# Clearing with Sparkolloid



## sgift (Oct 1, 2014)

I have a batch of RJS Cellar Classic Winery Series, Rosso Grande Eccellente (that's a mouth full) that is well past it's bottling date and is not clear. On the advise of the retailer I have used Sparkolloid and followed the instructions that say 1 tablespoon in a cup of boiling water and wait a week to clear, rack and bottle. The retailer said to use 3 tbsp. and it would clear in a day or two, allowing racking and bottling. My question is can you over dose with Sparkolloid and what are the consequences? Good and bad? How long should it need to work properly? It seems to be made of basic minerals not unlike Bentonite but will it add flavors or other unintended consequences. Most advise on clearing seems to be just wait..... Your thoughts and knowledge please. BTW I hope its a very nice mouthful....


----------



## DoctorCAD (Oct 1, 2014)

Did you degas? That seems to be a consequence of not degassing, slow clearing. Almost like the CO2 molecules hang on to solids.


----------



## sgift (Oct 1, 2014)

I have a drill mounted whip and exceeded all the times suggested. So I don't think that's the problem but what do I know. I did stir for 25-30 mins.


----------



## novalou (Oct 1, 2014)

I use SuperKleer for clearing my wine.

Wine clears on it's own with or without using a clearing agent. Gravity works. Follow the directions from Sparkolloid. Wait it out. It will clear eventually.

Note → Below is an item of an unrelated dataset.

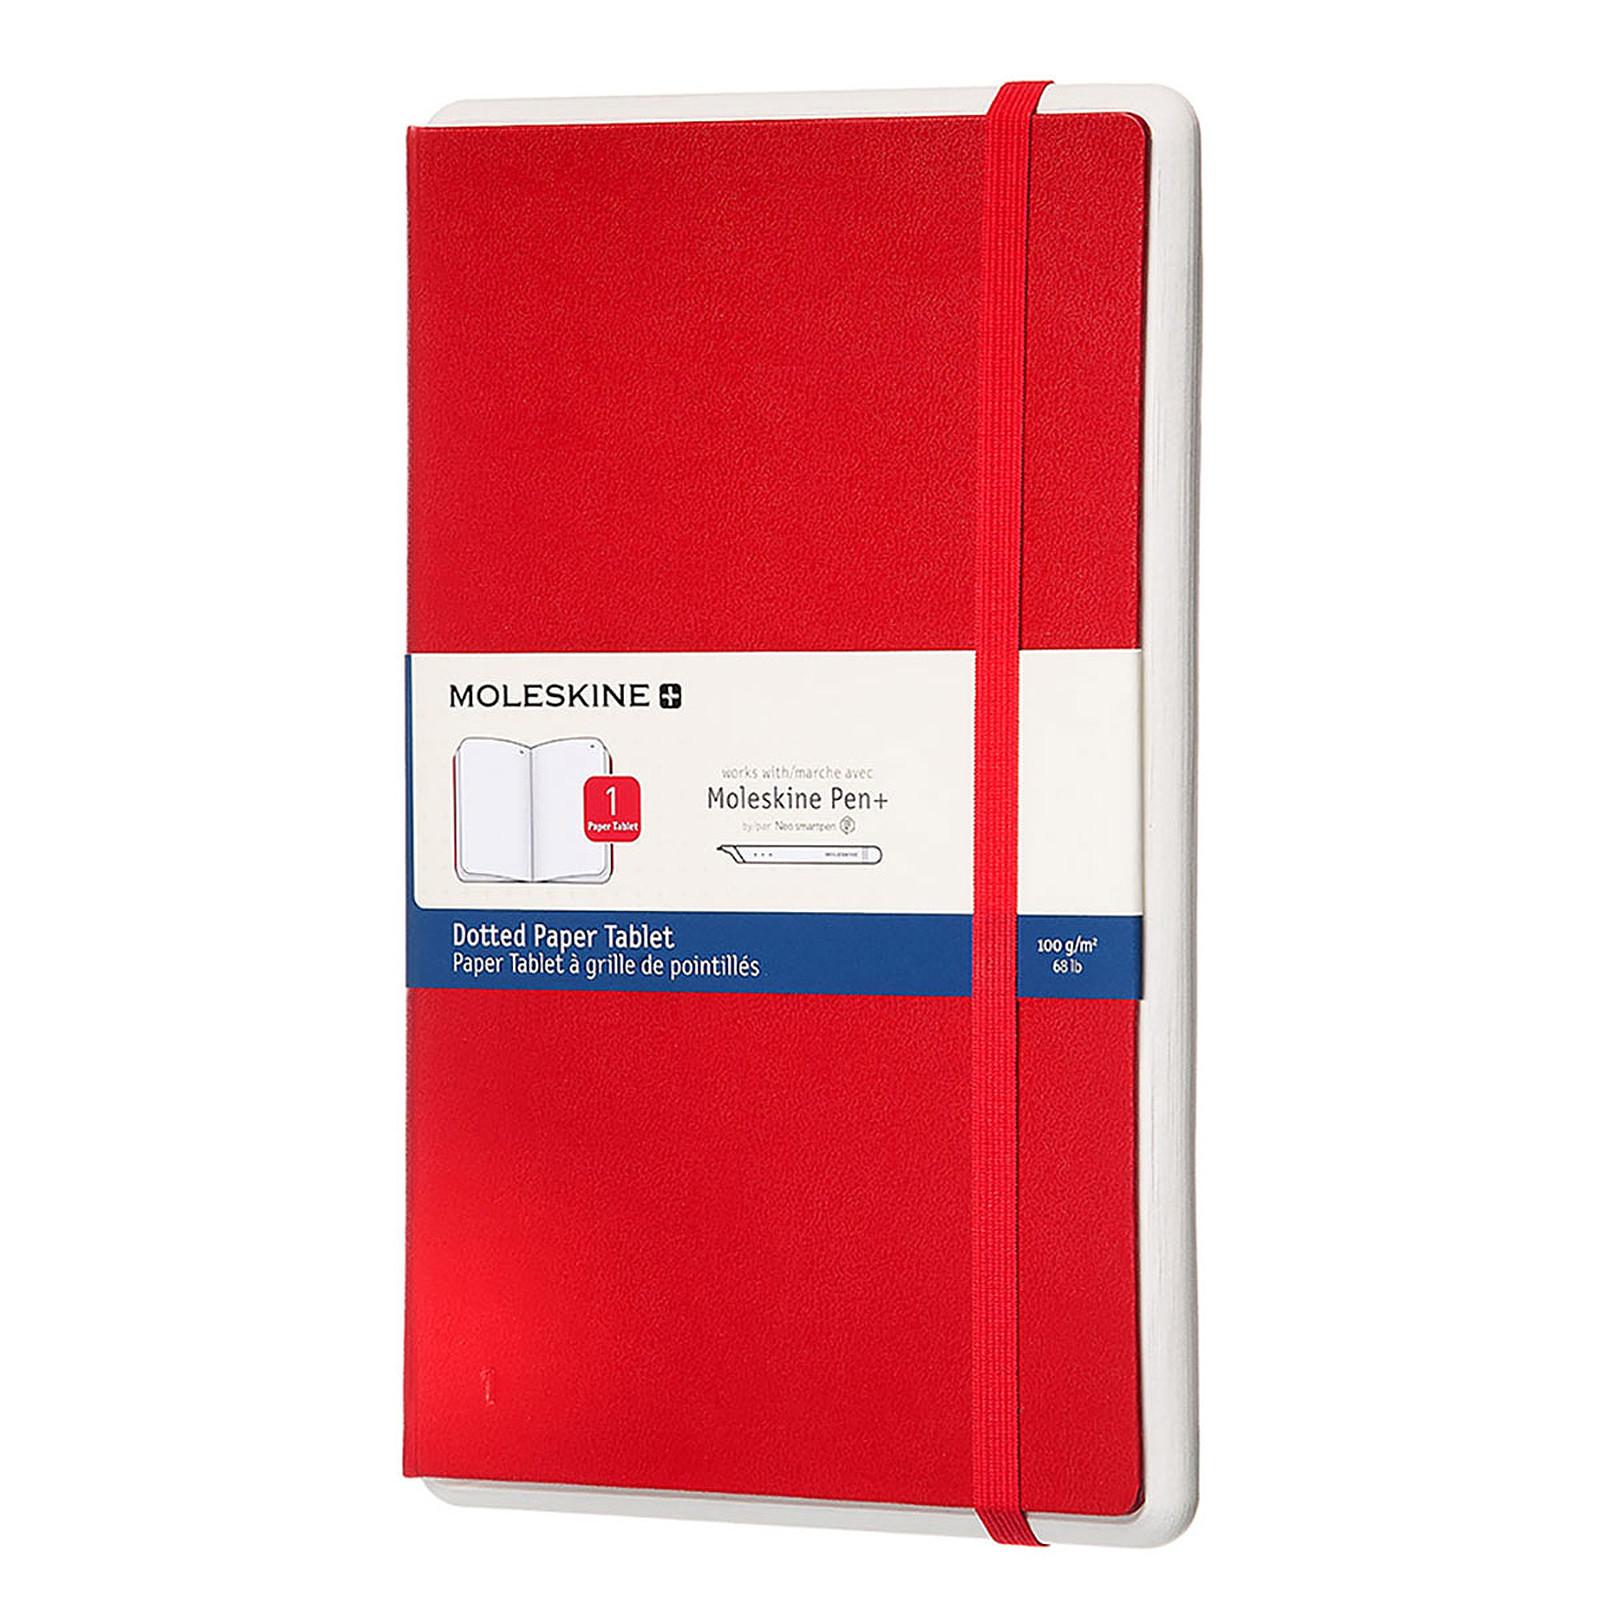 Moleskine Paper Tablet Hardcover Large Dotted Rouge

Sent from my iPhone using Wine Making


----------



## sour_grapes (Oct 1, 2014)

In my experience, exceeding the degassing time does not guarantee a degassed wine!

Does it taste a little fizzy? If you put a little into a test vessel, cap that with your hand, and shake, does it let out a little "pfft" when you move your hand? 

Also, wine degasses much more effectively if it is a bit warm, like 70 to 75F.


----------



## sgift (Oct 1, 2014)

I hear you but it doesn't taste or respond as you suggest when shaken.....no pressure release.


----------



## richmke (Oct 1, 2014)

How long has it been aging? If it has been a while (6-9 months) it should be clearing. If it has been a while, maybe you have pectin haze, and need to use an enzyme to get rid of the pectin.


----------



## novalou (Oct 2, 2014)

richmke said:


> How long has it been aging? If it has been a while (6-9 months) it should be clearing. If it has been a while, maybe you have pectin haze, and need to use an enzyme to get rid of the pectin.




I was thinking pectin haze too, but I figured it was unlikely with a kit, but certainly worth considering, especially if finings and time won't clear it.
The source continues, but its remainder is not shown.